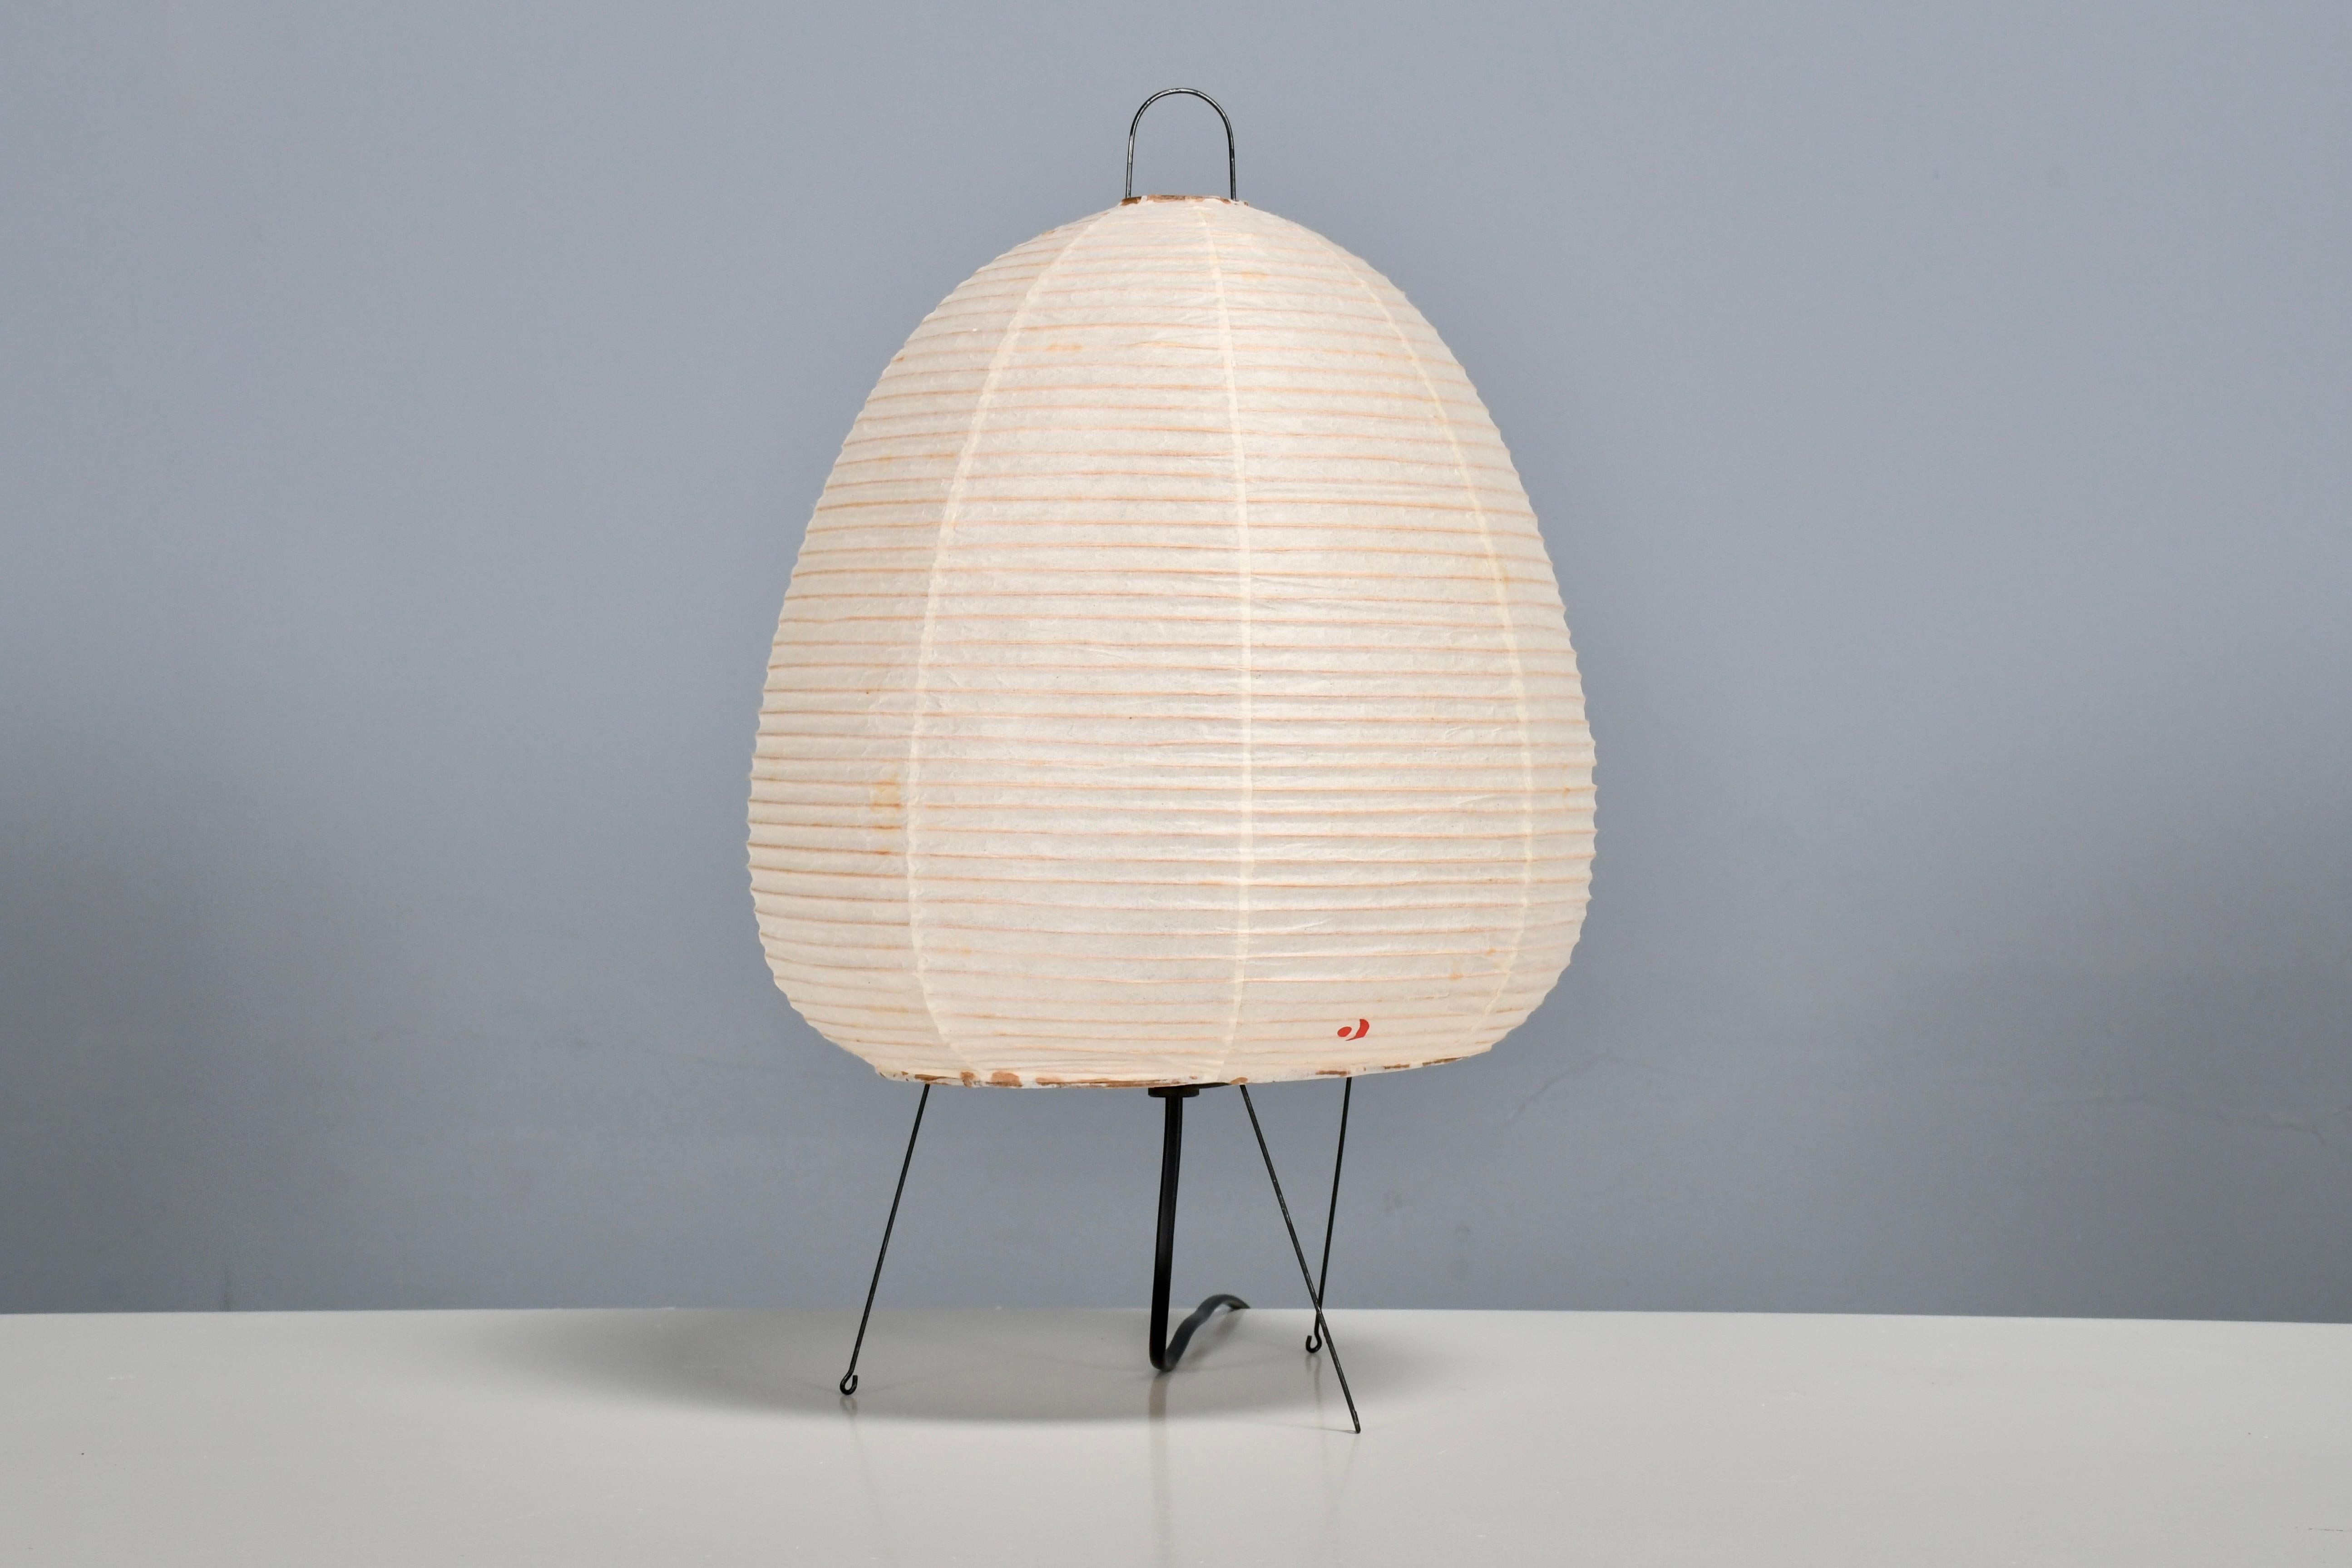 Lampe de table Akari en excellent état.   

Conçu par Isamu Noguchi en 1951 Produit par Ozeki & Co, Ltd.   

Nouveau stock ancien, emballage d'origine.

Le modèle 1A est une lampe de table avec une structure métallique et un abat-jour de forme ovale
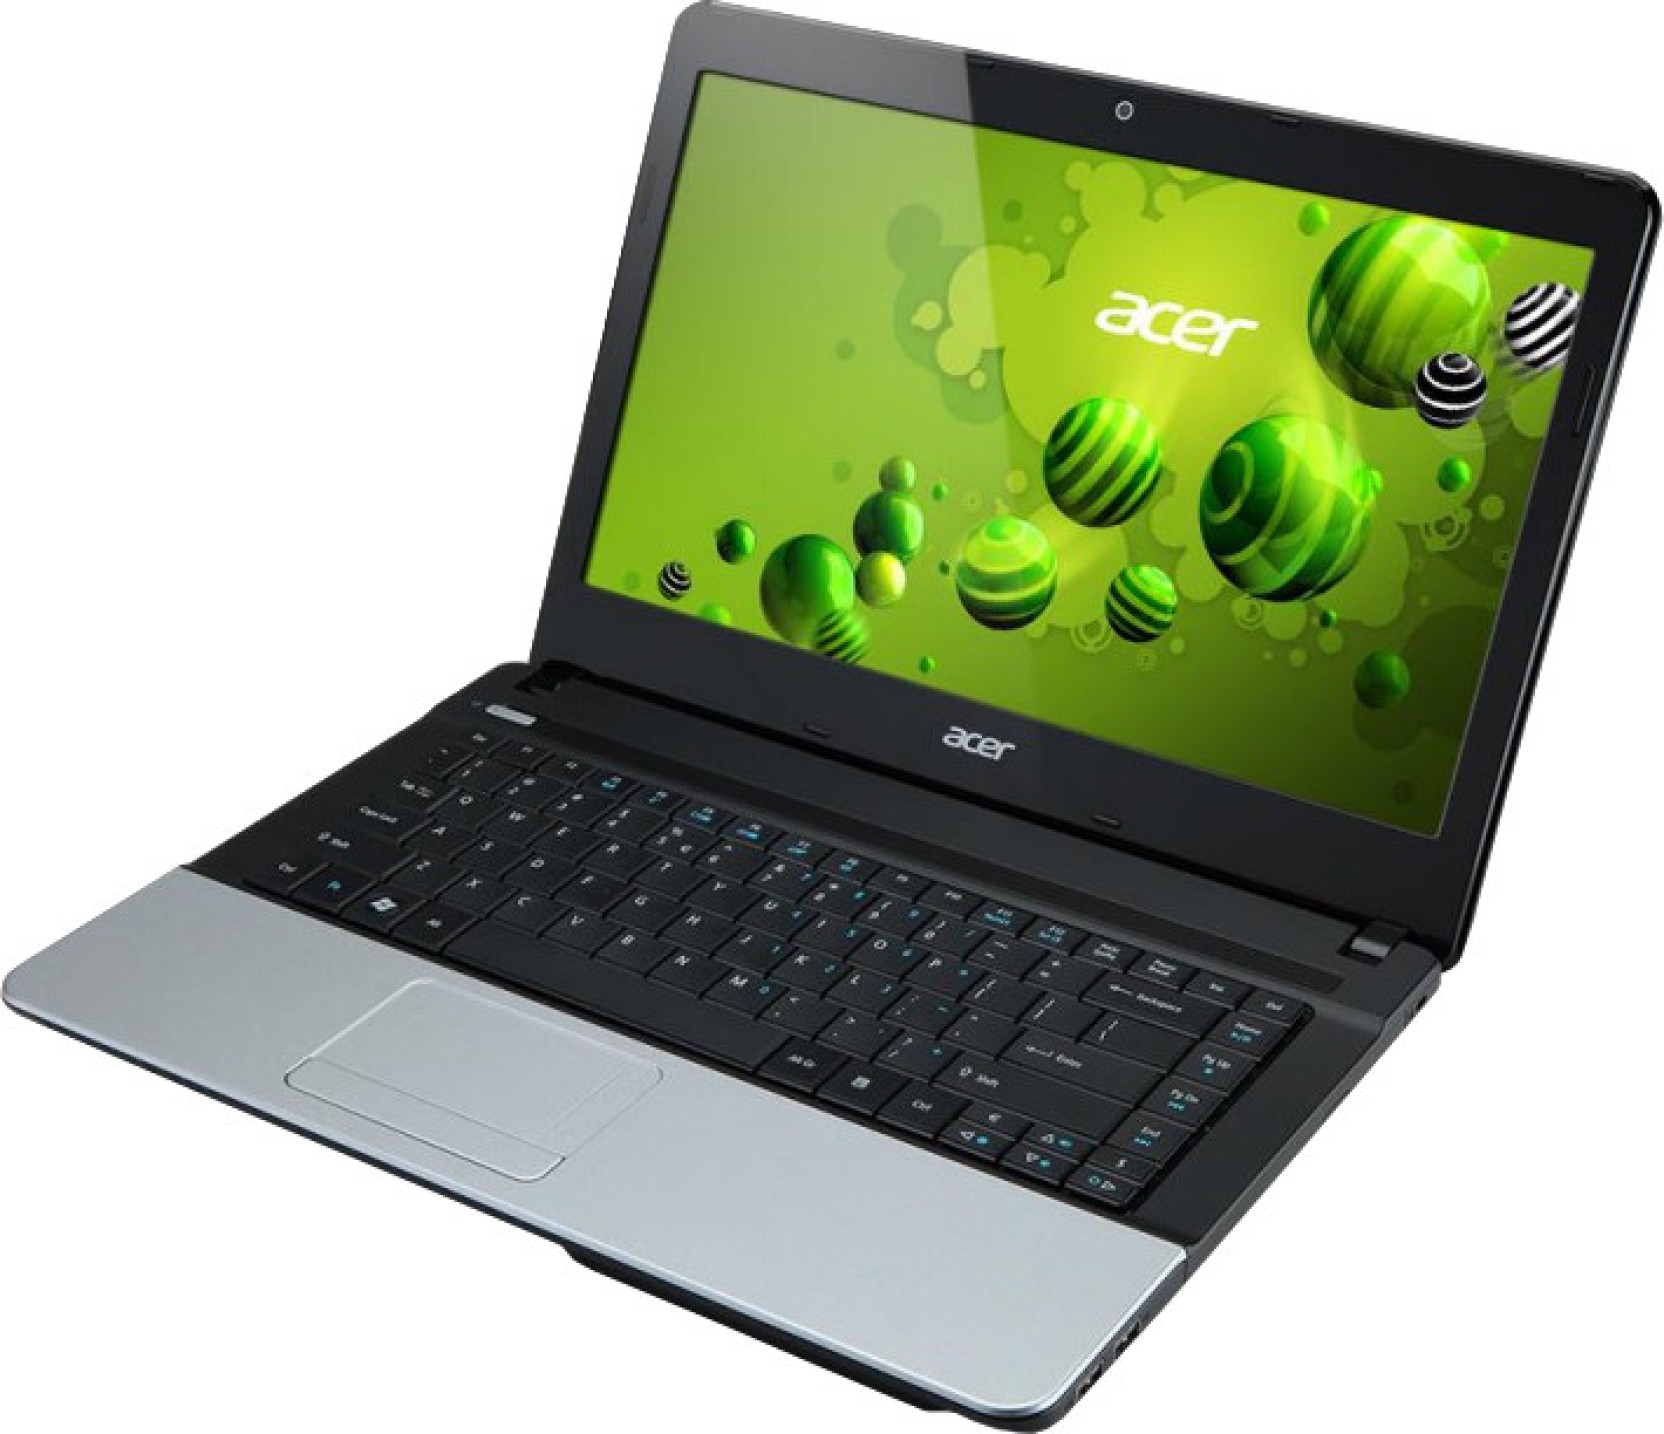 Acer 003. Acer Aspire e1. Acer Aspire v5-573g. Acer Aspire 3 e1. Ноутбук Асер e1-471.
******
- Task to complete:
From the line containing "Le modèle 1A" through the last line of the material above, write out each line exactly, leaving aside all pictures.

- Expected answer:
Le modèle 1A est une lampe de table avec une structure métallique et un abat-jour de forme ovale
 Acer 003. Acer Aspire e1. Acer Aspire v5-573g. Acer Aspire 3 e1. Ноутбук Асер e1-471.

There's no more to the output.